Examples of data brokers include:

• WhitePages
• PeopleFinder
• FastPeopleSearch
• Spokeo

Dark web forums and markets

Cybercriminals steal data so that they can use it in an attack or sell it, and they do the latter on the dark web. Accessing the dark web requires a specialized browser, called Tor. Encrypted websites and forums create anonymity, making the dark web a hotbed of criminal activity. Additionally, dark web URLs use random, constantly changing combinations of numbers and letters, making them difficult to find and monitor. Cybercriminals use dark web forums and markets to sell and buy information stolen during data breaches so that they can use it to perpetrate fraud or other crimes.

How do cybercriminals collect digital footprint data? 

A digital footprint isn’t a bad thing. However, you should understand ways that cybercriminals can collect data and how they can use it. Cybercriminals collect digital footprint information in several ways:

• Scraping social media networks: Collecting information about contacts, interactions, work history
• Purchasing information from data brokers: Accessing information about name, address history, phone number
• Buying leaked data on the dark web: Gathering data about login credentials or malware on devices

How does a digital footprint impact cybersecurity?

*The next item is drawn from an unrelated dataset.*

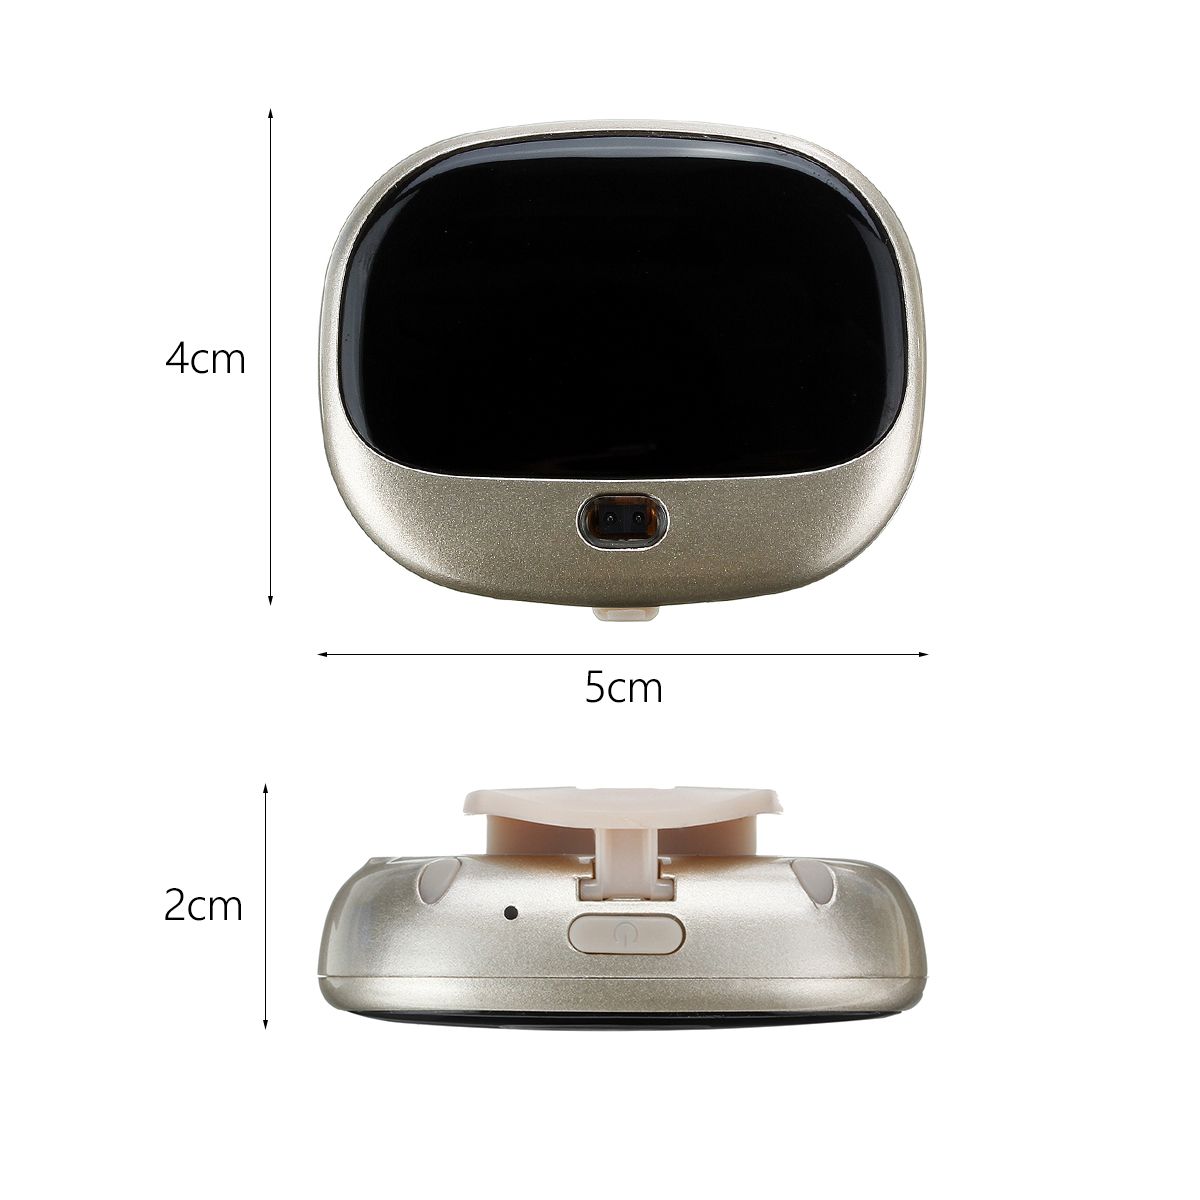 4G-Smart-Wasserdichte-Bluetooth-GPS-Tracker-fuumlr-Haustier-Hund-Katze-Schluumlssel-1659493

Depending on the information cybercriminals have, they can use a person’s digital footprint as part of different attack methodologies.

Social engineering

A social engineering attack manipulates people, using a convincing pretext to trick them into taking an action that’s against their best interests. The more information cybercriminals know about you, the more convincing their social engineering attack is. Consider the following information that they can find on your LinkedIn profile:

• College attended
• Job history
• People you know
• Actions you take, like posts you comment on or people you interact with
• Interests you have
• Email address
• Phone number

With this data, they can build out a profile and story that appears convincing enough. They can build a relationship with you by referencing people you know or pretending to be someone you know. Once trust is established, getting a victim to perform an action such as clicking on a malicious link or handing over sensitive information is not difficult.

Fraud

If cybercriminals have your name and an email, they can perpetrate fraud by impersonating you online. If they have more information, like a credit card number compromised during a data breach, then they could open fake bank accounts or fraudulently purchase gift cards as a way to make money. 

Credential theft

Often, people reuse passwords across multiple accounts. If cybercriminals purchase stolen credentials on a dark web marketplace, they can try the password against other potential accounts. For example, if they purchase compromised email account credentials, they can try to use the email address and password for streaming sites, social media, or bank account logins. If they can connect that email with your LinkedIn account, they can guess at your company email and try a known password to gain access to corporate resources.